*** Opening Information supplied ***

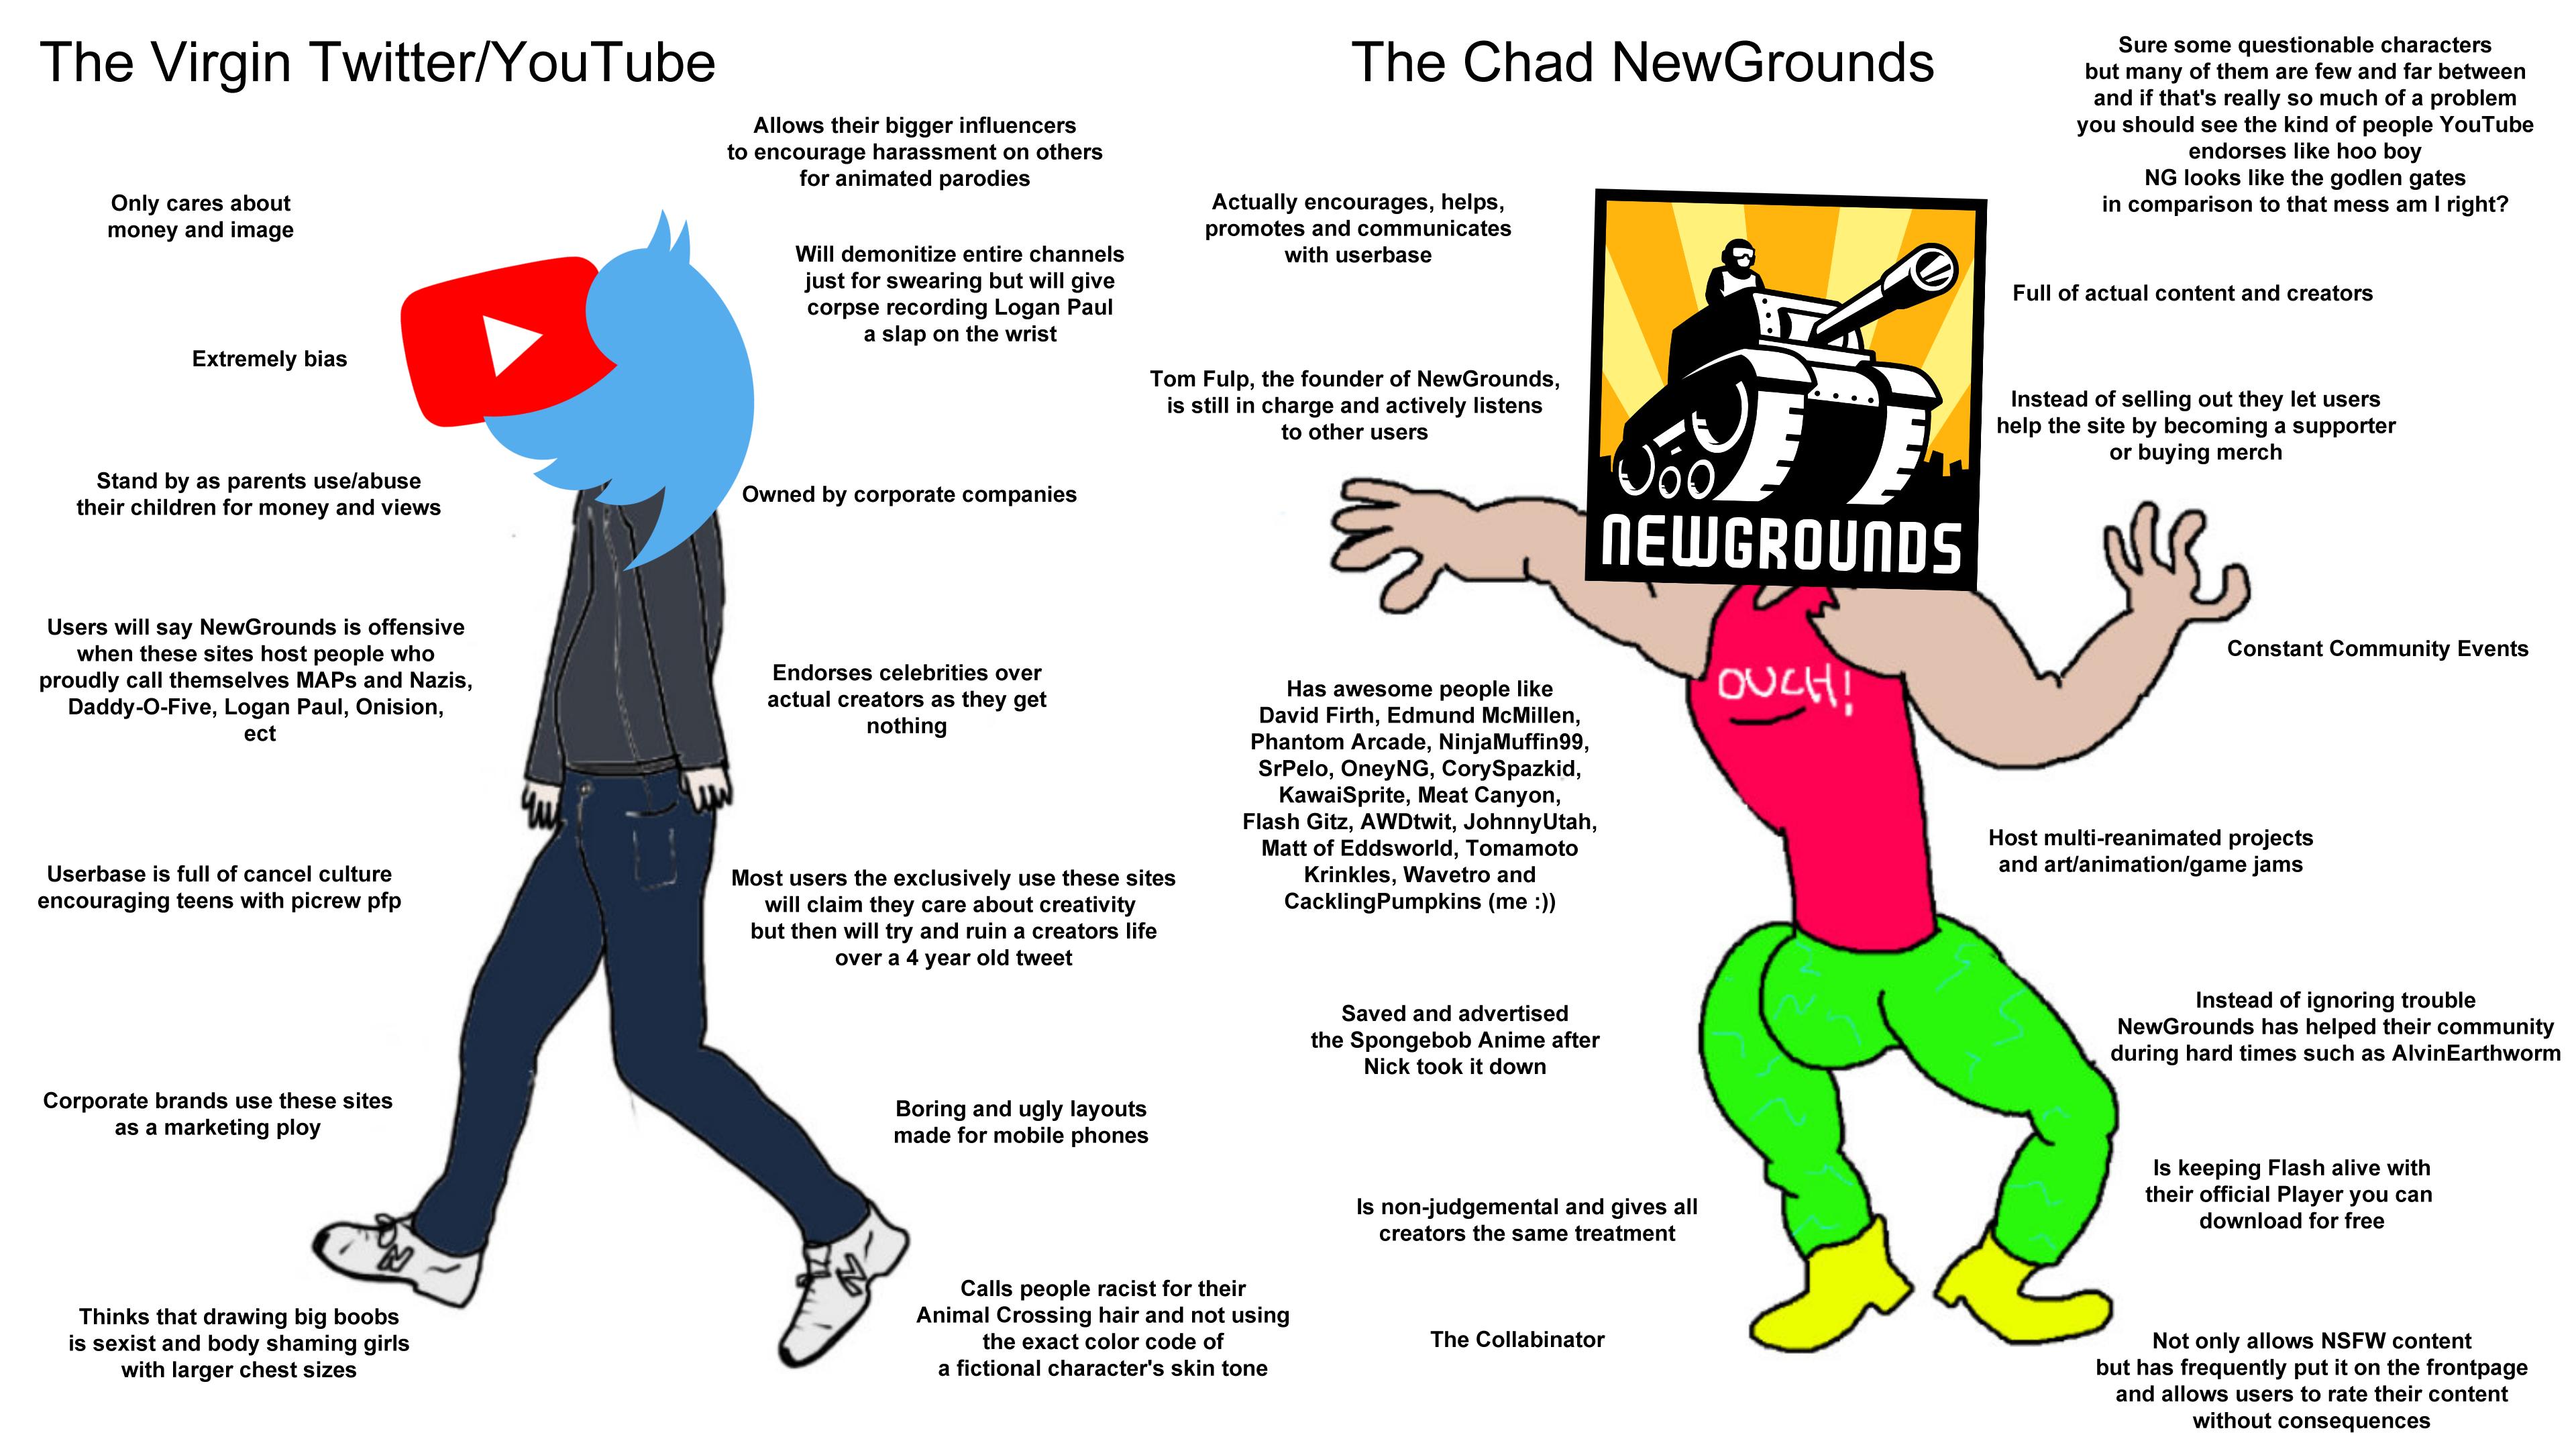 Vrgin Twitter/YouTube VS Chad NewGrounds
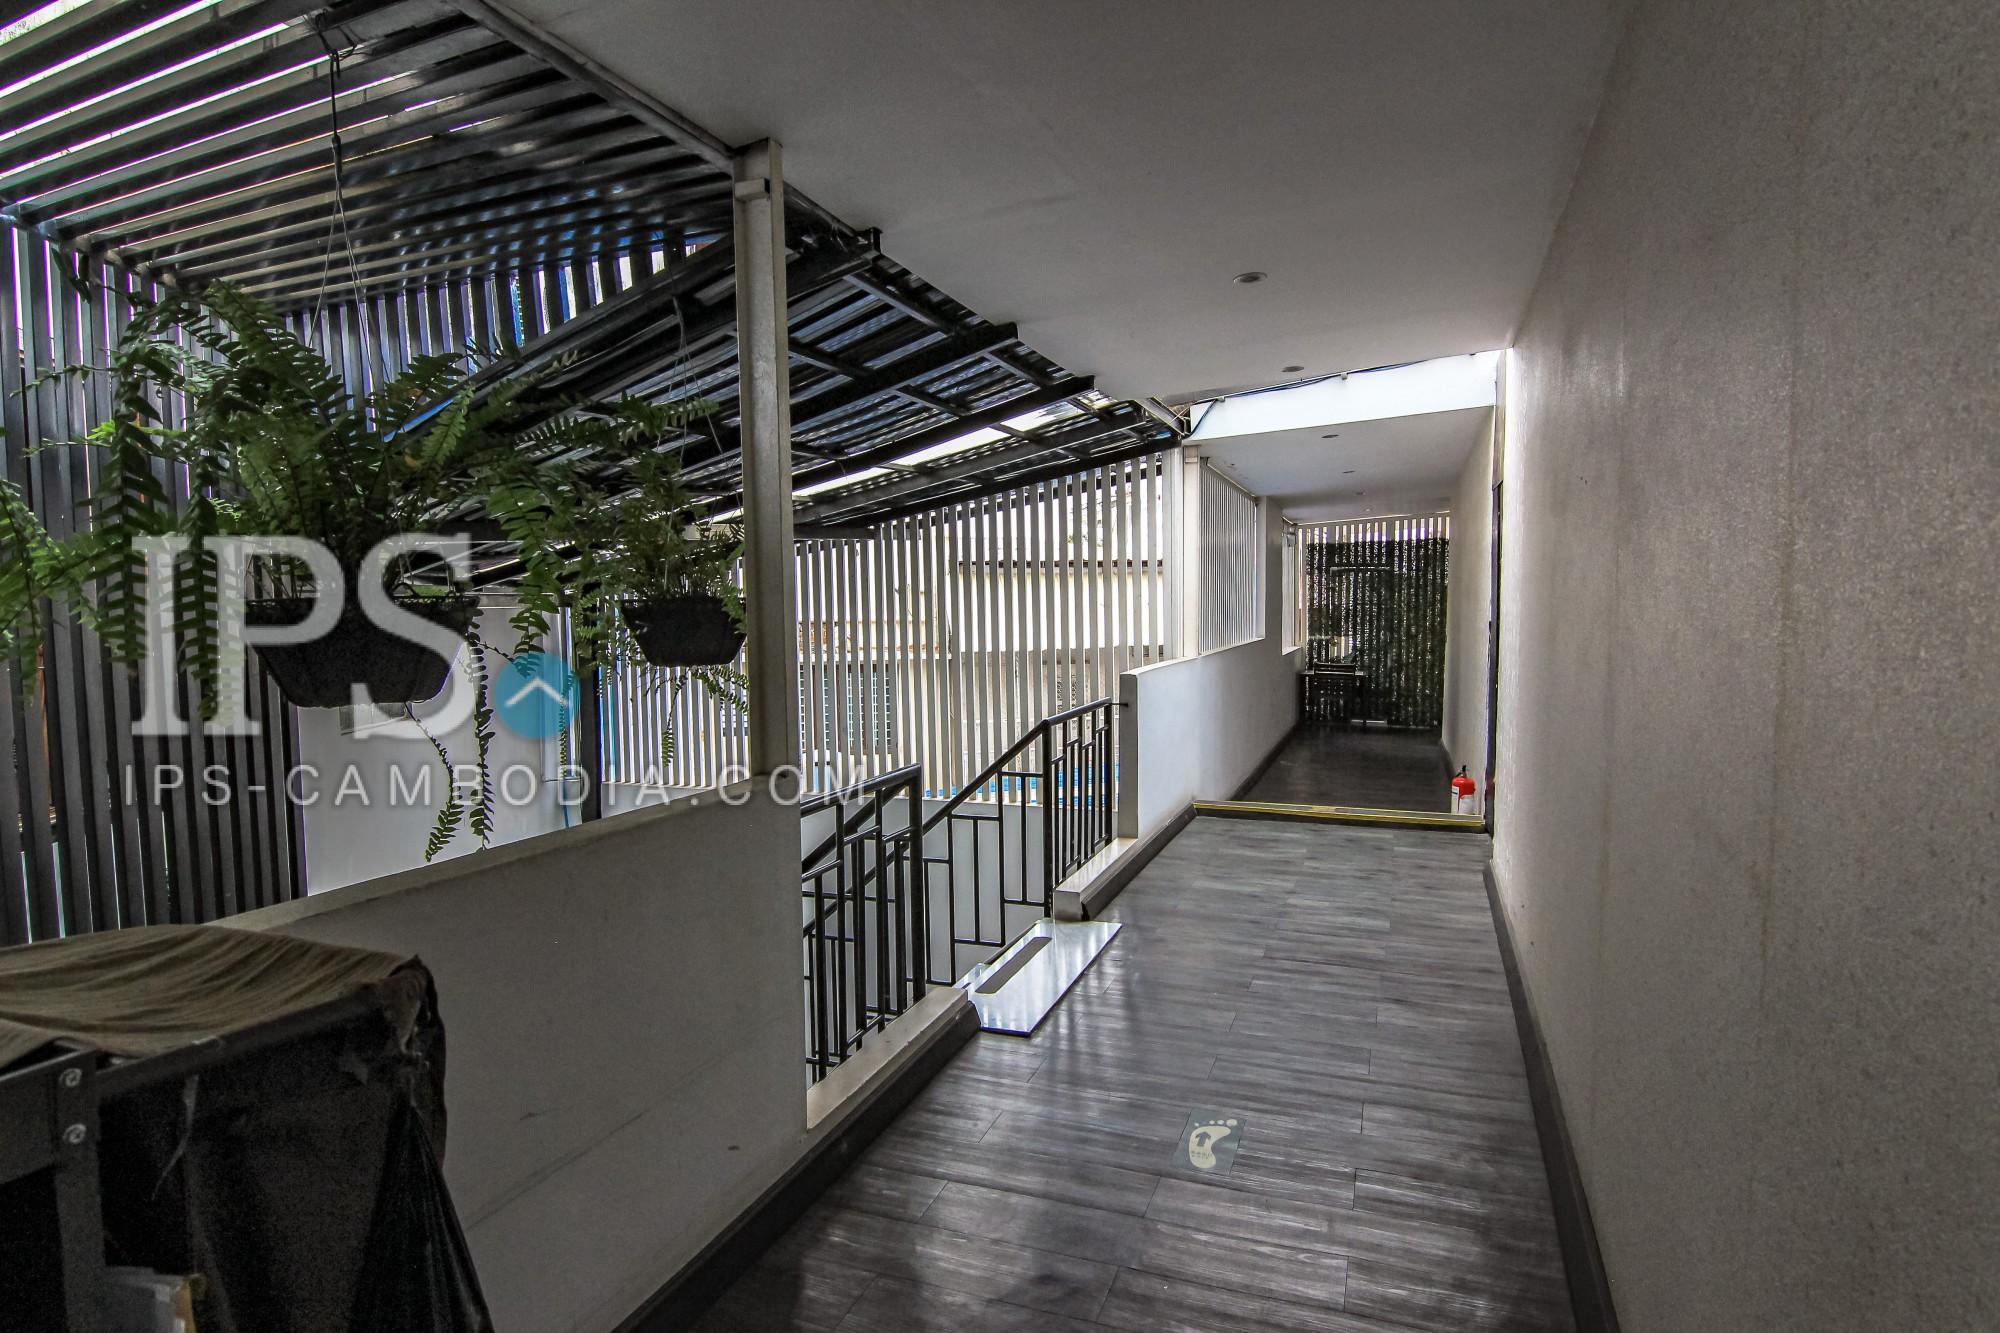 Business Hotel For Sale - Wat Phnom
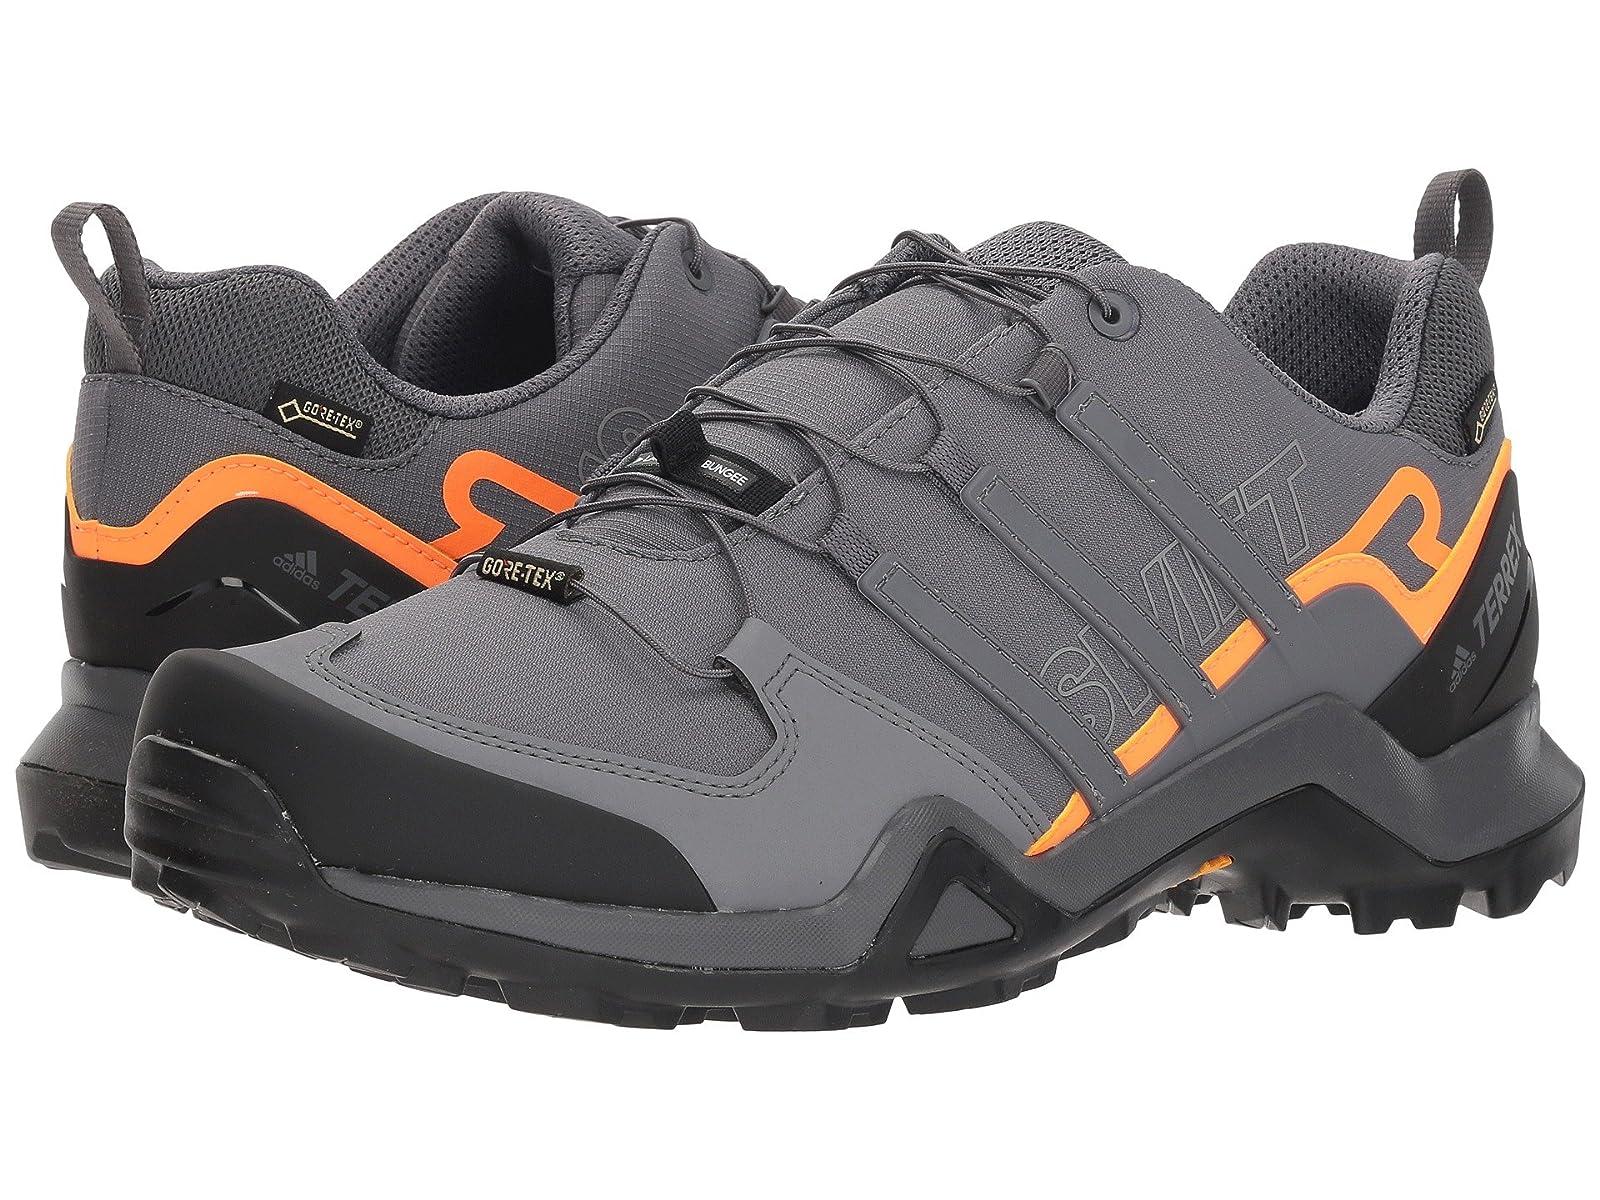 adidas Outdoor Terrex Swift of R2 GTX®-Take full advantage of Swift materials-Gentleman/Lady 1bca4f

*** Closing Information supplied ***

Your assignment =
Retype, exactly as written, each line from the one containing "Business Hotel For Sale - Wat Phnom" through the end of the data above, and leave out every picture.

Response to the exercise =
 Business Hotel For Sale - Wat Phnom
 adidas Outdoor Terrex Swift of R2 GTX®-Take full advantage of Swift materials-Gentleman/Lady 1bca4f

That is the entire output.